ACHATS et DEVELOPPEMENT DURABLE:
un mariage de (bonnes) raisons !

Créé en 1987 par la Commission mondiale sur l’environnement et le développement (ONU), le concept de développement durable traduisait l’objectif ambitieux de « répondre aux besoins du présent sans compromettre les capacités des générations futures à répondre aux leurs ».

Considéré à l’époque comme une mode s’inscrivant dans la ligne tracée par l’écologie, alors en nette progression dans les mentalités, le développement durable s’impose de plus en plus, aujourd’hui comme une réalité « durable » devenue incontournable.

Sous la pression combinée des pouvoirs publics, des consommateurs et autres acteurs de la société civile, toute entreprise, publique ou privée, devra progressivement l’intégrer dans son management, y compris dans ses processus d’achat et de supply chain. Les enjeux de cette intégration sont multiples : au minimum, la conformité aux normes, mais aussi sa respectabilité aux yeux des acteurs locaux (« licence to operate »), ses résultats économiques (en terme de minimisation des risques et d’optimisation de sa qualité totale) et, last but not least, sa capacité à rester un acteur influent sur les valeurs d’un monde en mutation accélérée.

Traversant les vicissitudes auquel tout nouveau concept est soumis, le développement durable a dépassé le stade d’une formulation théorique et s’illustre dans un nombre croissant d’applications concrètes. En ce domaine, plusieurs pays européens dont la Belgique ont déjà légiféré et, à tout le moins, l’appliquent systématiquement dans le cadre des achats publics (http://www.guidedesachatsdurables.be)

La Responsabilité Sociétale de l’Entreprise (RSE) et les nouveaux référentiels, standards, normes et labels.

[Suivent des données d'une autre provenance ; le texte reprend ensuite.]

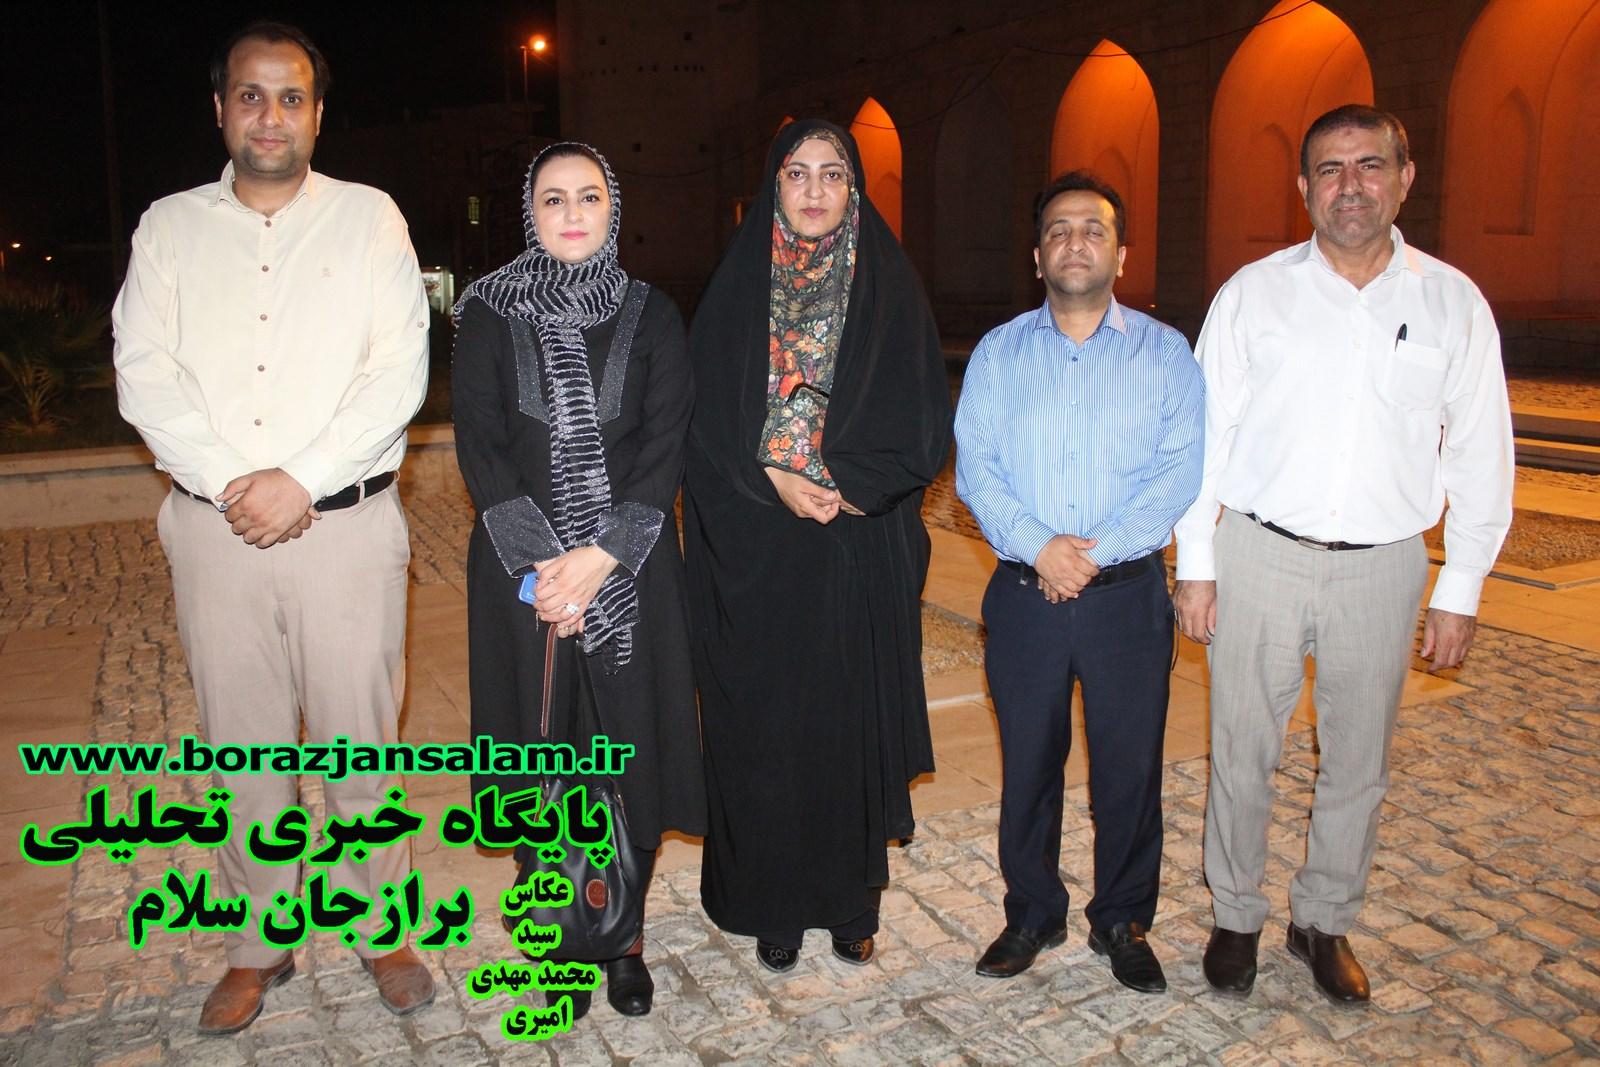 پیام تسلیت رئیس واعضای شورای اسلامی شهربرازجان به مناسبت ایام محرم
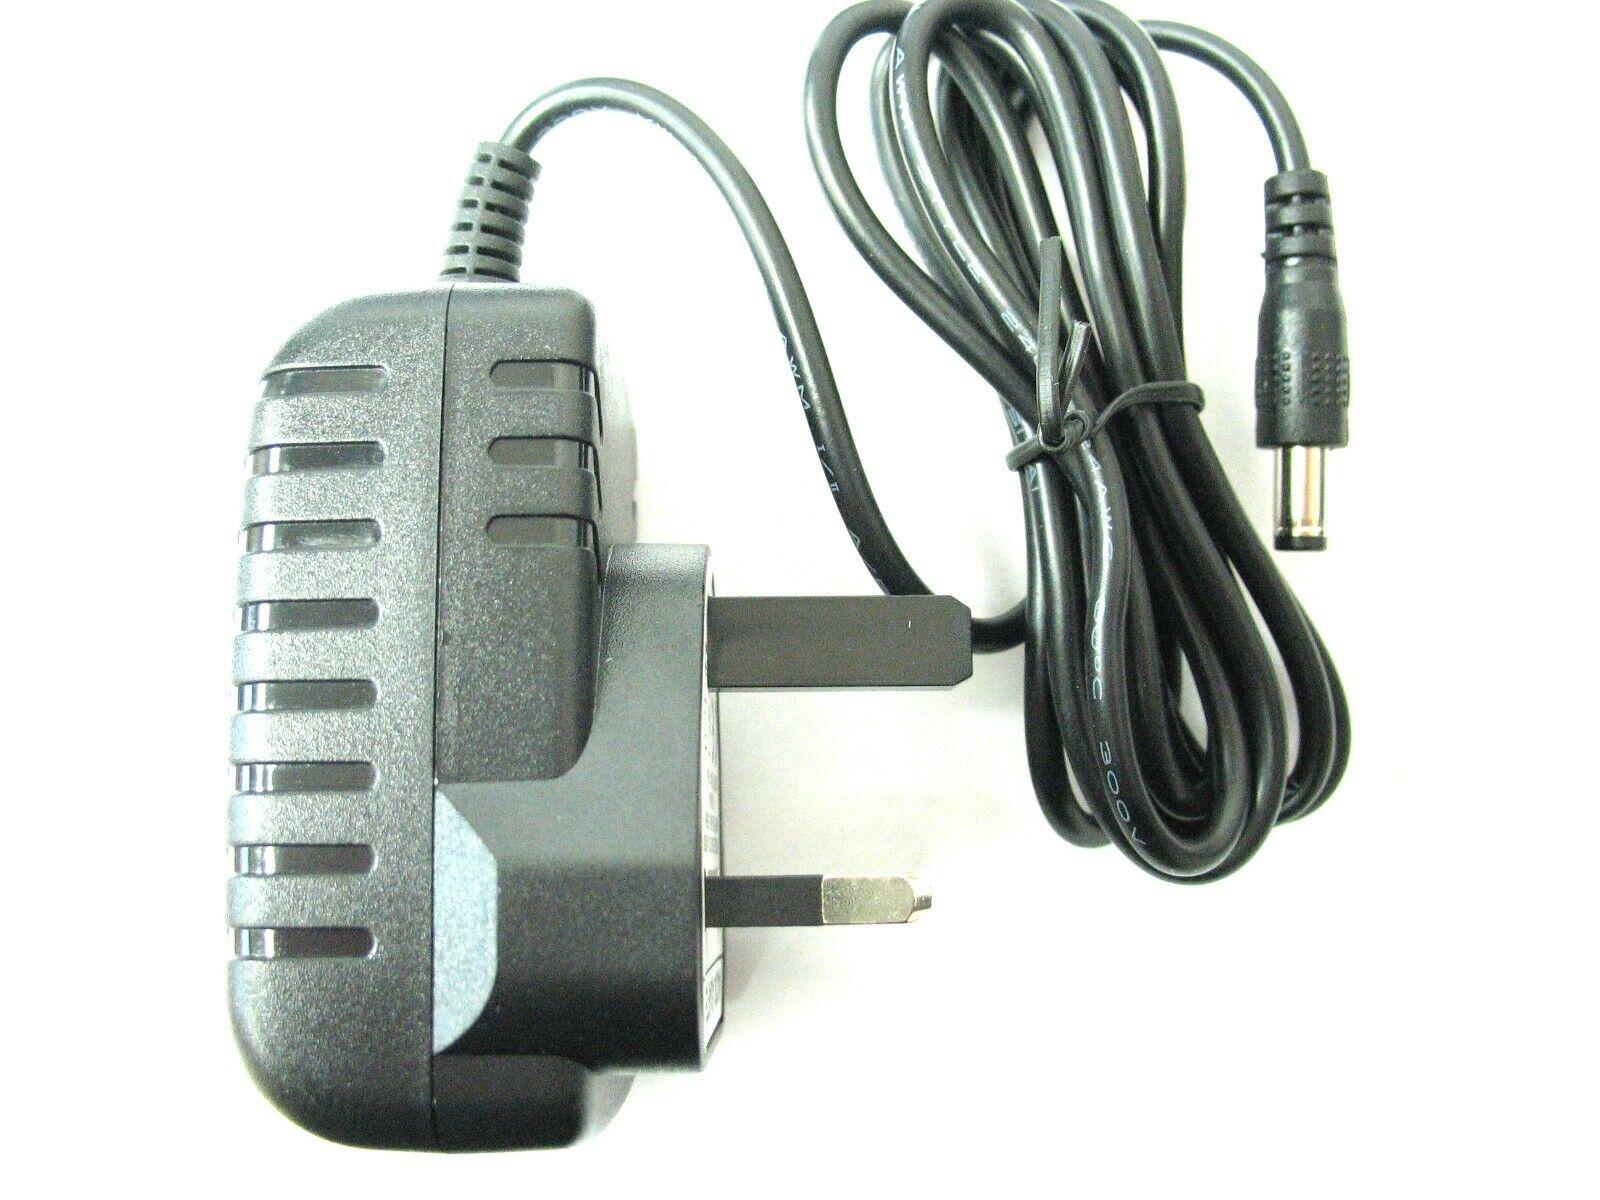 0.5 amp 24 volt AC-DC Mains Regulated Power Adaptor/Supply/Charger (12 watt)

Ce concept s’est décliné en celui de « Responsabilité Sociétale de l’Entreprise » (RSE), ou de « Corporate Social Responsability » (CSR) au niveau international.

Sous ces acronymes, RSE et CSR, se profile une responsabilité globale de l’entreprise à l’égard d’un ensemble de « parties prenantes » , regroupant le personnel, les fournisseurs , les clients ou consommateurs, les actionnaires, le monde associatif, les ONG et…les générations futures.

La RSE peut être mesurée grâce à une batterie d’indicateurs en matière d’environnement, de ressources humaines ,de gouvernance d’entreprise, de pratiques commerciales – à l’achat et à la vente - d’impact local et de citoyenneté.
L’émergence des nouvelles normes et de labels internationaux liés directement ou indirectement au développement durable, révèle l’impact croissant de ce concept auprès des acteurs économiques et politiques.

Citons pêle-mêle pour le volet social la norme SA8000, pour le domaine environnemental la norme internationale ISO 14000 et l’européenne EMAS (Eco-Management and Audit Scheme), et plus globalement le système de management durable SD 21000 en France, le référentiel AA1000 anglais, ou encore le futur standard ISO 26000 sur la responsabilité sociétale, actuellement en cours de rédaction.

Parmi les labels, mentionnons surtout le label social belge accordé par le ministère de l'Economie aux produits satisfaisant des contrôles à tous les niveaux de la chaîne de production sur les conditions de travail et le respect des 8 normes fondamentales de l’OIT.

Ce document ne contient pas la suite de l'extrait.